Indeed, because North Africa and the Middle East were part of Christendom centuries before Islam conquered them, not a few Medieval European thinkers harbored hopes of liberating even these. “The oriental church shone in antiquity, explained Jacques [de Vitry, a Frankish theologian, b. 1160/70], spreading its rays to the West, but ‘from the time of the perfidious Muhammad until our own time’ has been in decline” and thus needed liberation.[6] The “idea of proceeding through Spain to Africa and thence to the Holy Land was put forward in the fourteenth century in several treatises on the recovery of the Holy Land.”[7]
As late as the twentieth century, the prolific Anglo-French historian Hilaire Belloc lamented that if the crusades had not failed, “probably we Europeans would have recovered North Africa and Egypt—we should certainly have saved Constantinople—and Mohammedanism would have only survived as an Oriental religion thrust beyond the ancient boundaries of the Roman Empire.”[8] Even the entire colonial era was a byproduct of Just War. As Bernard Lewis explains:
[T]he whole complex process of European expansion and empire in the last five centuries has its roots in the clash of Islam and Christendom. It began with the long and bitter struggle of the conquered peoples of Europe, in east and west, to restore their homelands to Christendom and expel the Muslim peoples who had invaded and subjugated them. It was hardly to be expected that the triumphant Spaniards and Portuguese would stop at the Straits of Gibraltar, or that the Russians would allow the Tatars to retire in peace and regroup in their bases on the upper and lower Volga—the more so since a new and deadly Muslim attack on Christendom was under way, with the Turkish advance from the Bosporus to the Danube and beyond threatening the heart of Europe. The victorious liberators, having reconquered their own territories, pursued their former masters whence they had come.[9]
Just Plain-Old Jihad
Now compare Just War logic—defending one’s lands and its people and defanging one’s enemy—with the jihad. The “Western distinction between just and unjust wars,” writes international relations professor Bassam Tibi, “is unknown in Islam. Any war against unbelievers, whatever its immediate ground, is morally justified. Only in this sense can one distinguish just and unjust wars in Islamic tradition. When Muslims wage war for the dissemination of Islam, it is a just war…. When non-Muslims attack Muslims [including in self-defense], it is an unjust war. The usual Western interpretation of jihad as a ‘just war’ in the Western sense is, therefore, a misreading of this Islamic concept.”[10]
To be sure, a great many Western “experts” on Islam insist that jihad is the Islamic counterpart of Just War, that it is all always defensive and in no way, shape, or form supports offensive warfare. (Most recently, Juan Cole makes this false assertion in his book, Muhammad: Prophet of Peace Amid the Clash of Empires.)
Or consider the words of Islam scholar Clement Huart (b.1854), writing back at the height of Western power and Muslim weakness: “The [Western] international conventions that have limited the exercise of the right to wage war [to purposes of defense] have no influence over the Muslim soul, to which passivism is and always will be for foreign.
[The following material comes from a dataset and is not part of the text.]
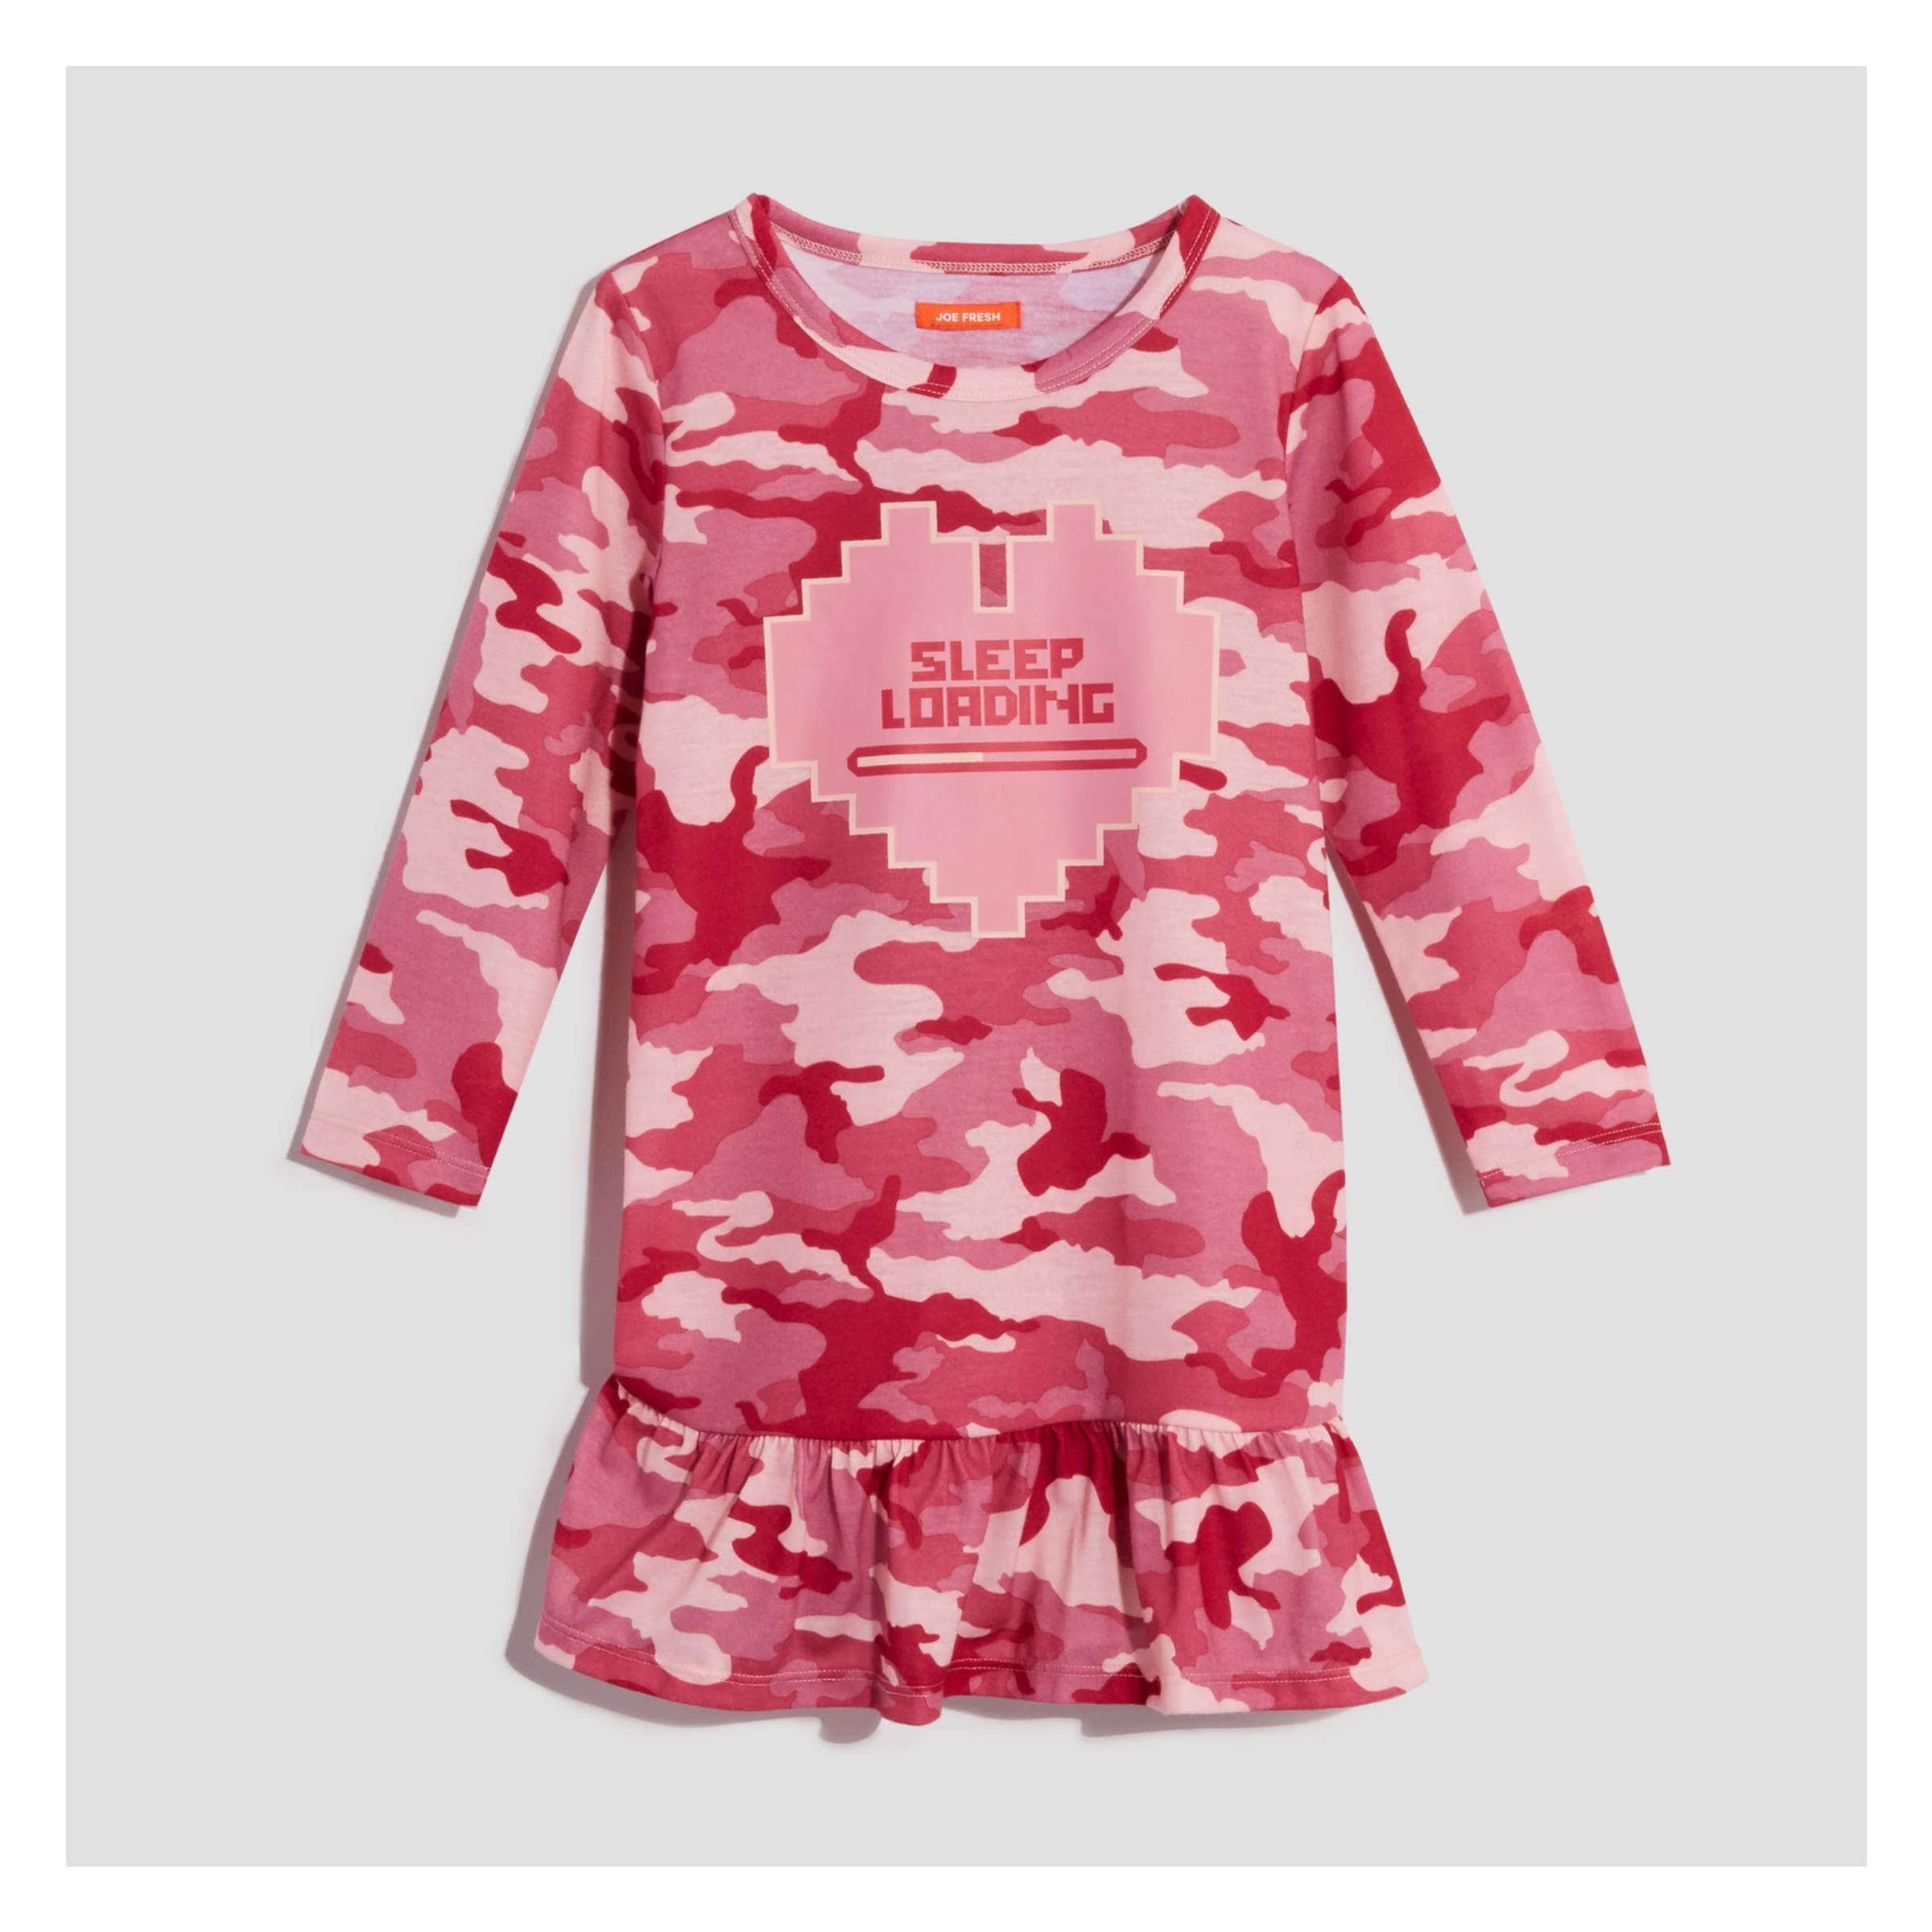 0b4944140b98ce Toddler Girls' Nightie in JF Perennial Pink from Joe Fresh

The state of peace has been imposed on it by force; the Muslim soul tolerates it but does not recognize it, and cannot recognize it as long as there are unbelievers on earth to convert.”[11]
Sin, Sincerity, and Sex
What constitutes casus bellum is only the first of many differences between crusade and jihad. Because the former developed within a Judeo-Christian paradigm, it was surrounded by moral constraints that no other civilization—especially Islam—imposed on itself.
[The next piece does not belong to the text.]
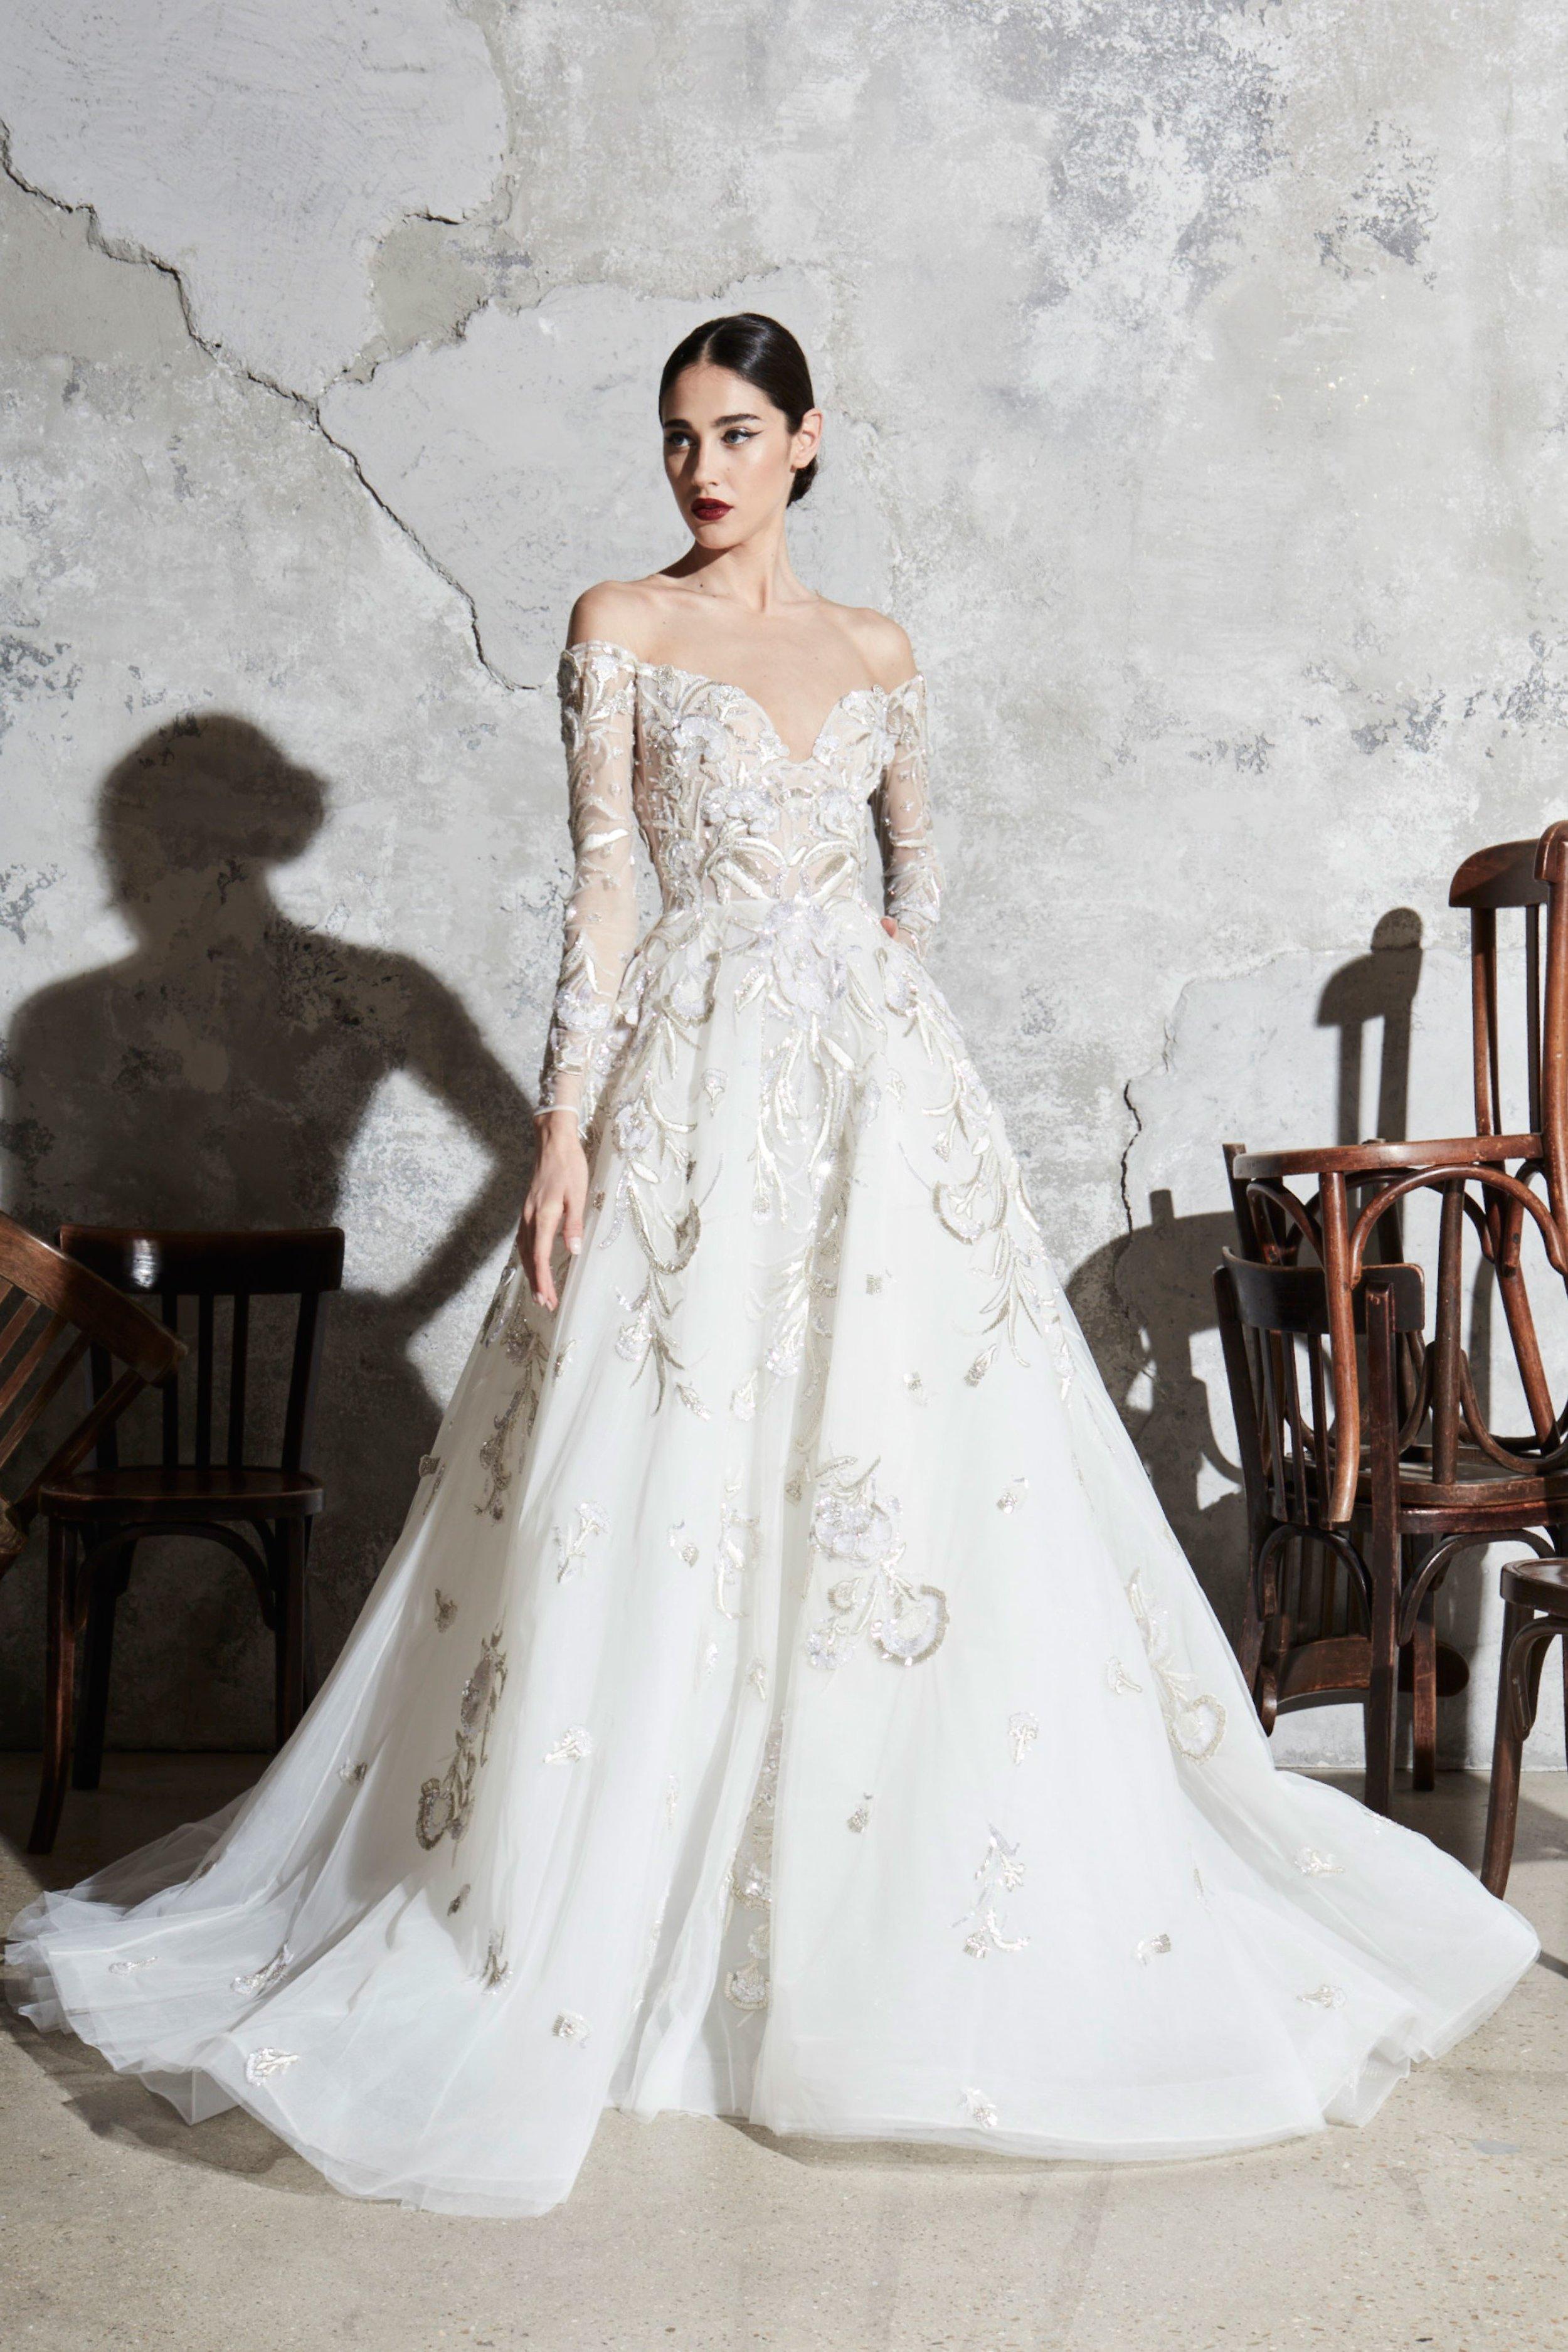 00024-zuhair-murad-new-york-bridal-Spring-2020-CREDIT-Thomas-Nutzl.jpg

From the very start, at Clermont in 1095, Pope Urban never offered forgiveness of sins (but rather remission of the penances for sins to which crusaders had already confessed).[12] Those who took the cross were required to be sincerely penitent.
This is a far cry from what Muslims were (and are) taught about fighting and dying in jihad: every sin they ever committed is instantly forgiven, and the highest level of paradise is theirs. “Lining up for battle in the path of Allah,” Muhammad had decreed in a canonical hadith, “is worthier than 60 years of worship.” Muhammad also said, “I cannot find anything” as meritorious as jihad, which he further likened to “praying ceaselessly and fasting continuously.”[13] As for the “martyr”—the shahid—he “is special to Allah,” announced the prophet. “He is forgiven from the first drop of blood [he sheds]. He sees his throne in paradise. . . . Fixed atop his head will be a crown of honor, a ruby that is greater than the world and all it contains. And he will copulate with seventy-two Houris.” (The houris are supernatural, celestial women—“wide-eyed” and “big-bosomed,” says the Koran—created by Allah for the express purpose of gratifying his favorites in perpetuity.)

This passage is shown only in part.